Но сегодня она, увидев Андрея, сама сказала:
— Хорошо, что ты пришел. Подожди меня, я скоро, через полчасика, — и убежала назад в лабораторию.
В коридоре Андрей наткнулся на Энгельгардта.
— Андрей Григорьевич, здравствуйте. Какими судьбами?
— Да вот, зашел Елену Сергеевну встретить.
— Пойдемте пока ко мне, я Вас чаем угощу. Посидим, отдохнем.
Когда профессор принес чай, Андрей, отпив, спросил у него:
— Ну и как, получается что-то?
— Да, не только получается. Получилось. Вчера наконец-то закончили с налидиксовой кислотой, будет ципрофлоксацин. Передадим втихую Гаузе [5],я с ним переговорил уже. Да и всю эту тему надо раздавать. Слишком много нового. Быстро привлечет внимание. Надо остановиться на каком-то этапе, потом осторожно продолжать.
— А что же все эти открытия? Так и останутся в сейфе? Та же спираль ДНК.
— Далась Вам эта спираль, Андрей. Открытие эпохальное, да, я бы с удовольствием занялся этой темой. Но что изменится? Какая разница, откроет это профессор Энгельгардт в сорок первом или Розалинда Франклин с Уотсоном и Криком десятком лет позже? Не скрою, мне лично приятнее первое, но для науки это всё совсем не важно. И не надо забывать о Трофиме Денисовиче. Этот человек зарубит всё, что мешает ему и его камарилье, всем этим Презентам и Лепешинским, так что и тут придется помолчать пока. Да что я рассказываю, Вы и сами знаете.
— Помните, Михаил рассказывал о раздавленной бабочке, ну, рассказ Брэдбери?
— Помню, я потом прочитал и рассказ.
— Я думаю, Владимир Александрович, что Лысенко тоже окажется такой бабочкой. Не сегодня, не завтра, но его раздавит вместе с его ветвящейся пшеницей и бредом на тему зарождения клеток из живого вещества. Может, Розалинда Франклин и опоздает со своей догадкой о рентгеновском исследовании ДНК.
— Успокоили Вы меня, — засмеялся Энгельгардт. — Ладно, чай попили, пойдемте, Елена Сергеевна, наверное, уже освободилась. Не надо заставлять даму ждать.

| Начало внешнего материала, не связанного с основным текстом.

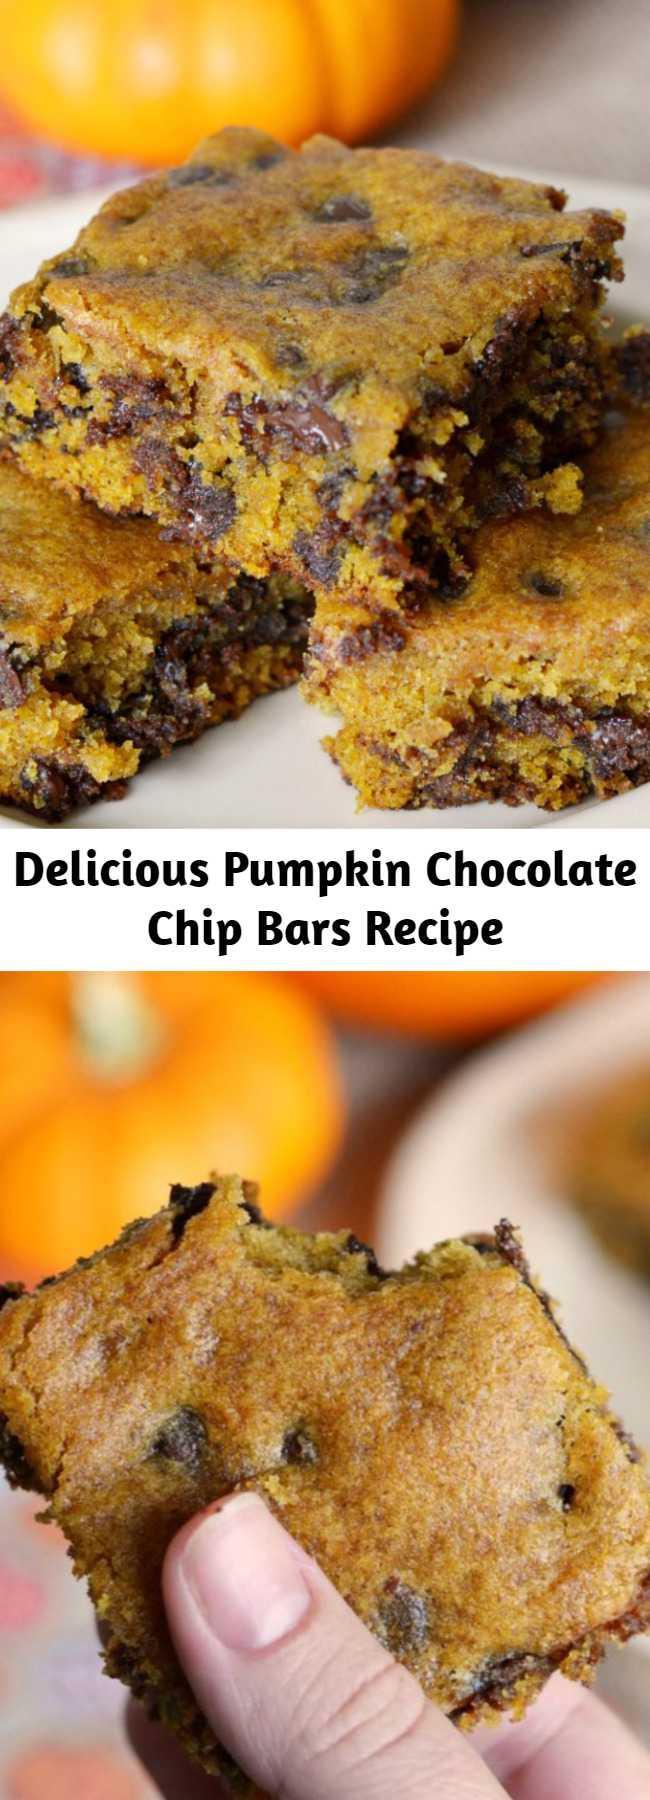 Delicious Pumpkin Chocolate Chip Bars Recipe - Soft, chewy, and delicious, these pumpkin chocolate chip bars are a delicious fall dessert!

— Как она, Владимир Александрович? Справляется?
— Справляется. Не могу сказать, что она выдающийся фармаколог, слишком мало мы проработали еще, но грамотная, с работой справляется. Я не жалею, что она у нас работает. Да и коллеги по Институту экспериментальной медицины о ней хорошо отзывались.
— Так Вы о ней справки наводили?
— Естественно. Не мог же я приглашать кого-то только потому что кто-то меня об этом попросил, даже такой полезный человек, как Вы.
— Не спорю, — ответил Андрей. — Извините, я пойду, Елена Сергеевна действительно уже ждет. Рад был встретиться. Да, еще одно, — он снова повернулся к профессору, — Вы же где-то в центре живете?
— В Щепкинском проезде, возле Большого театра.
— Мы до пятнадцатого, может, не увидимся, будьте осторожны.
— Я помню, — сказал Энгельгардт. — До свидания.
Елена ждала Андрея у выхода на лестницу.
— Не очень долго ждала?
— Нет, только что вышла. Пойдем, пройдемся по Нескучному, пока не стемнело.
— У меня фонарик с собой, не страшно, я потом проведу.
Несколько минут они просто шли под руку по аллеям Нескучного сада, пока Елена не начала разговор, судя по тому, как она начала говорить, весьма ее тревожащий.
— Андрей, это ведь ты организовал мой вызов сюда?
— Даже если и я? Я о Насте в первую очередь думал, потому что понимаю, что у меня бы времени не хватило с ней заниматься, ей в школу надо, да и не только это. Девочке мама нужна, а не чужой дядя. У нас сколько дел сейчас планируется, что она неизменно осталась бы без присмотра. Мне надо было определить Настю. Появилась возможность, я попросил Владимира Александровича, — сказал Андрей.